Dimitar Jetchev, EPFL and Inpher
Privacy-preserving Machine Learning in Finance
More (good) data yields better models, but increasing consumer awareness, privacy regulations and proprietary barriers mitigate access to valuable feature sets and our ability to leverage them. The conundrum of computing data without exposing it can be addressed with emerging cryptographic methods such as Secure Multiparty Computation and Fully Homomorphic Encryption. Furthermore, this opens the opportunity to monetize analytics while maintaining data privacy, security, and scarcity value. This talk will discuss the basics of the technologies and various real applications in financial institutions including fraud detection, credit analysis, customer discovery and more.

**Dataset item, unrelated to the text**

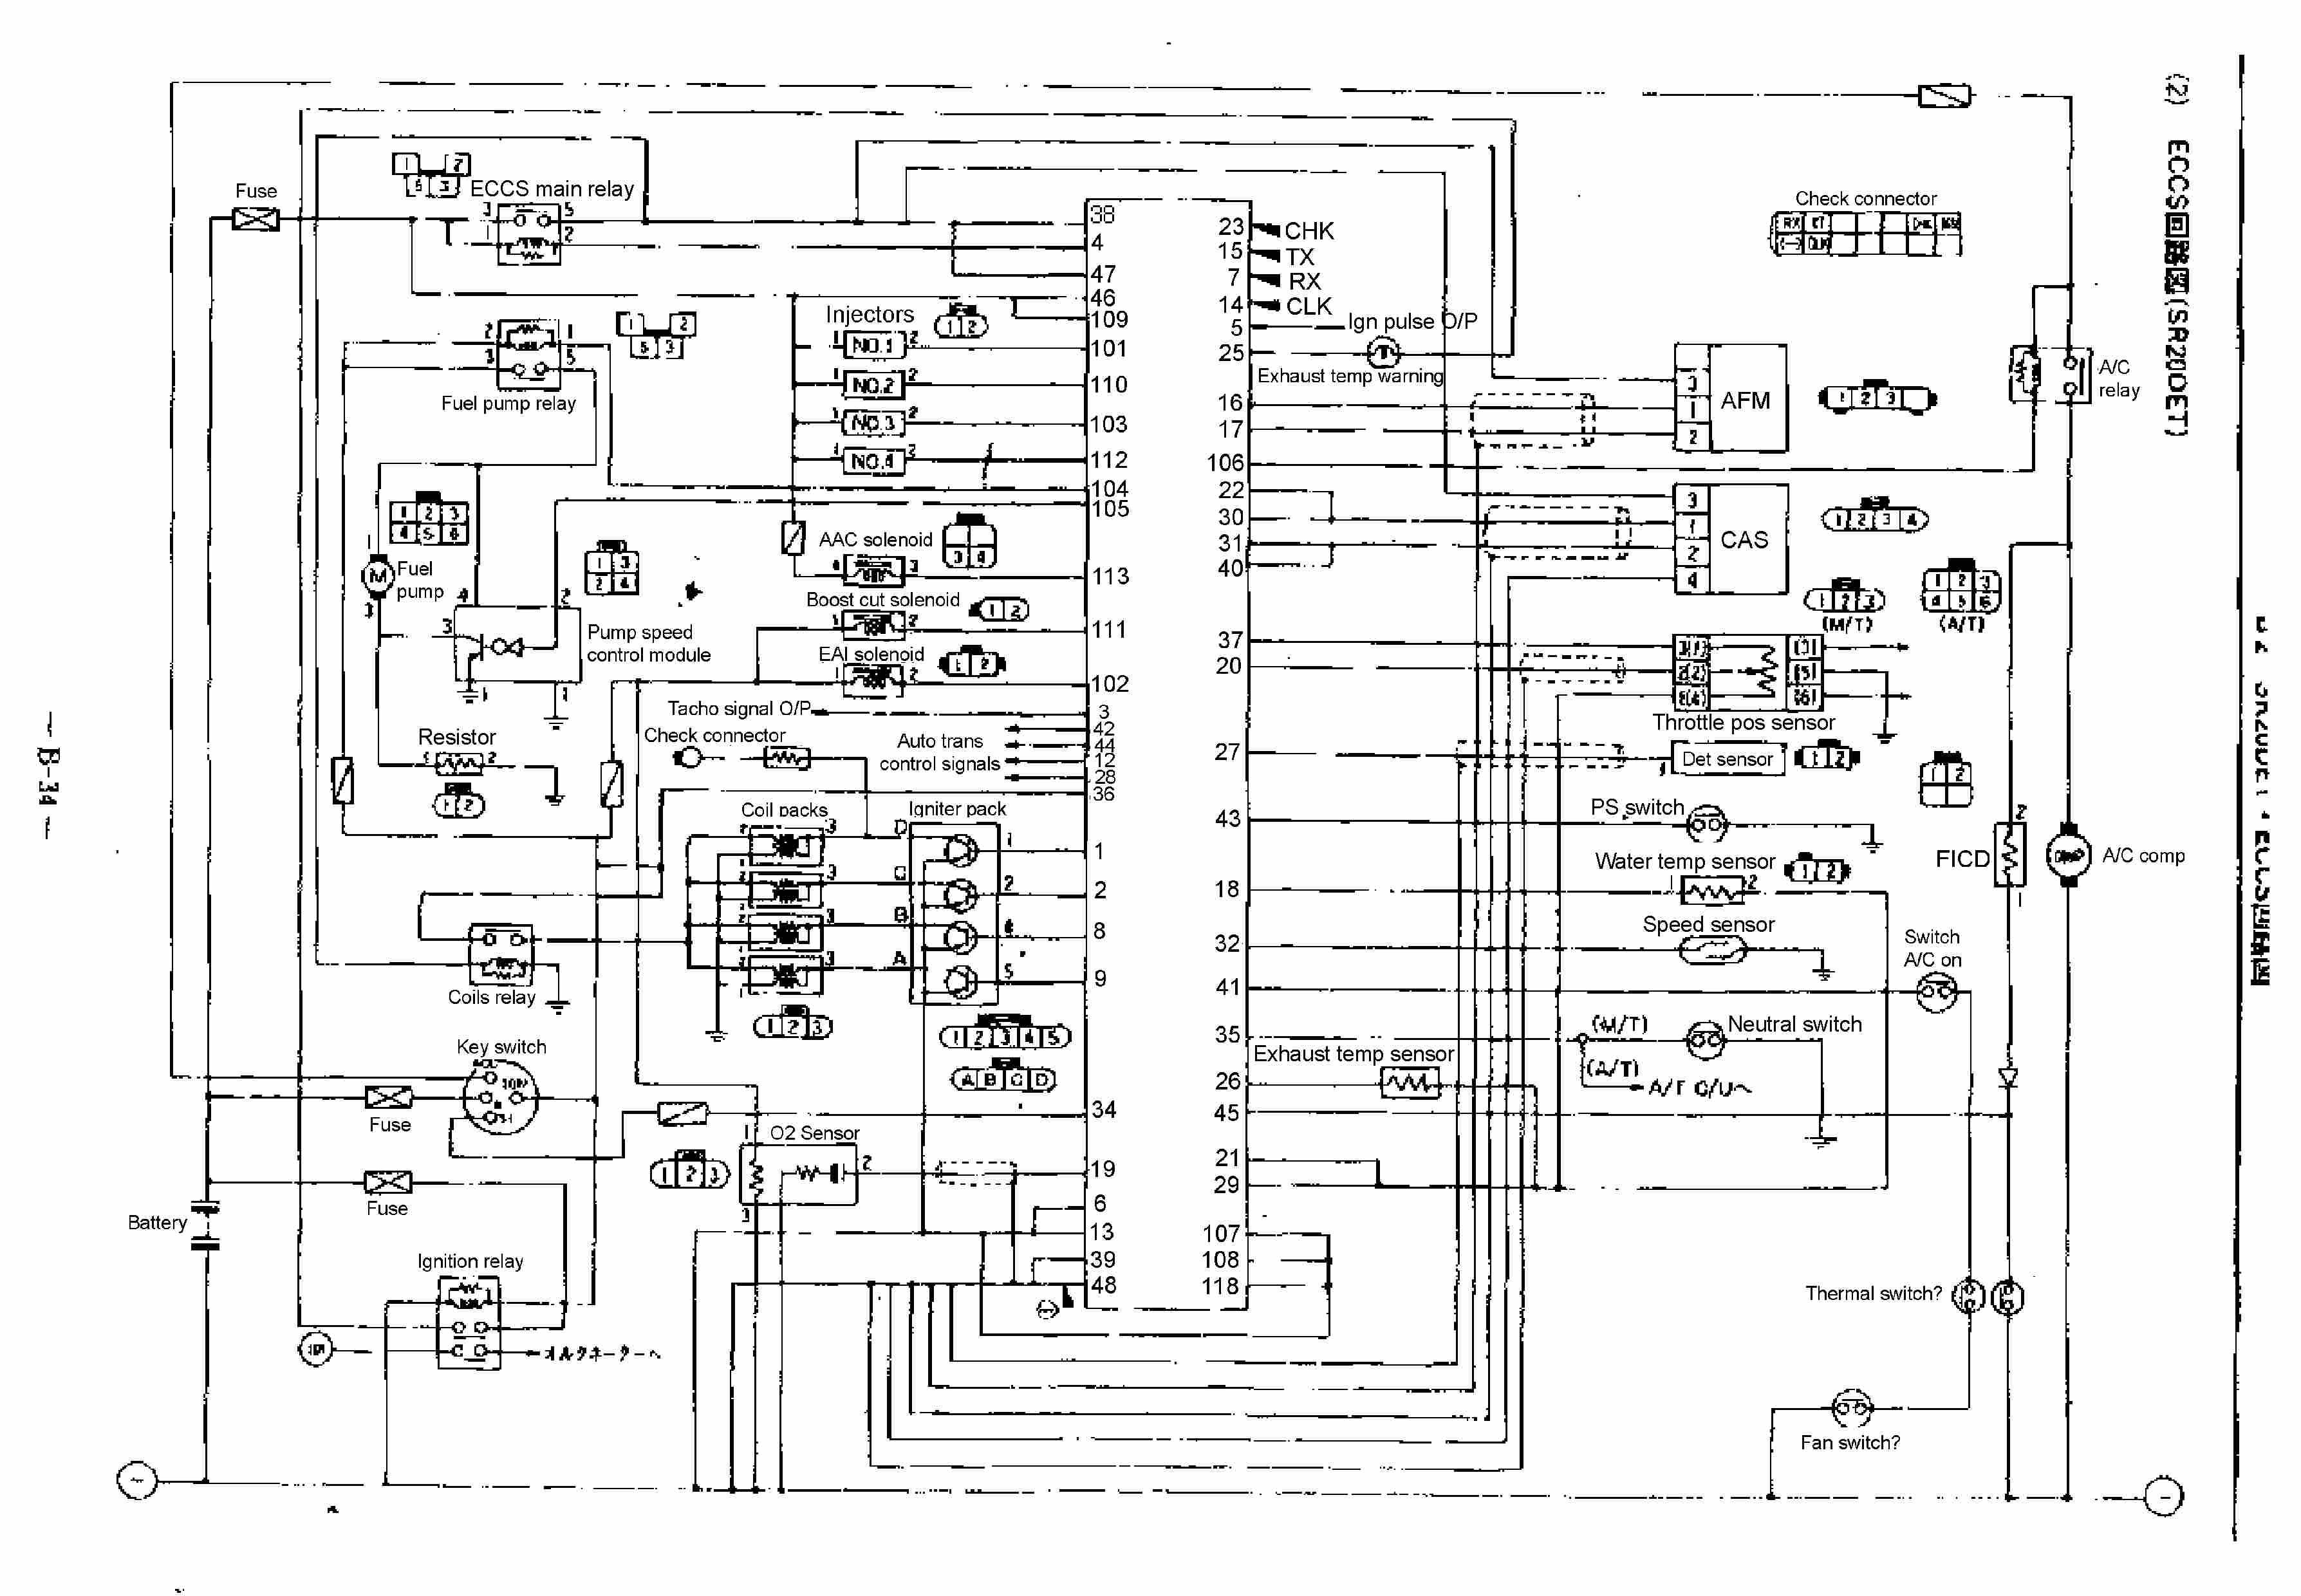 small resolution of bmw e83 engine diagram wiring diagram librarybmw e83 relase hatch switch wiring diagrams simple wiring diagrambmw

Dr. Jetchev is the CTO and cofounder of Inpher, Inc leading research and development efforts. He is also a Professor of Mathematics at EPFL, Switzerland, funded by the Swiss National Science Foundation. He heads a research group in mathematical cryptology working on various fundamental problems in number theory and mathematical cryptology. Dimitar has developed algorithms for a prominent HFT firm in New York, and as a Microsoft Research Fellow at the Cryptography and Anti-Piracy Group he has contributed to the design and development of the Windows software-licensing scheme. Dr. Jetchev holds a B.A. in mathematics from Harvard University and M.A. and Ph.D. from University of California, Berkeley.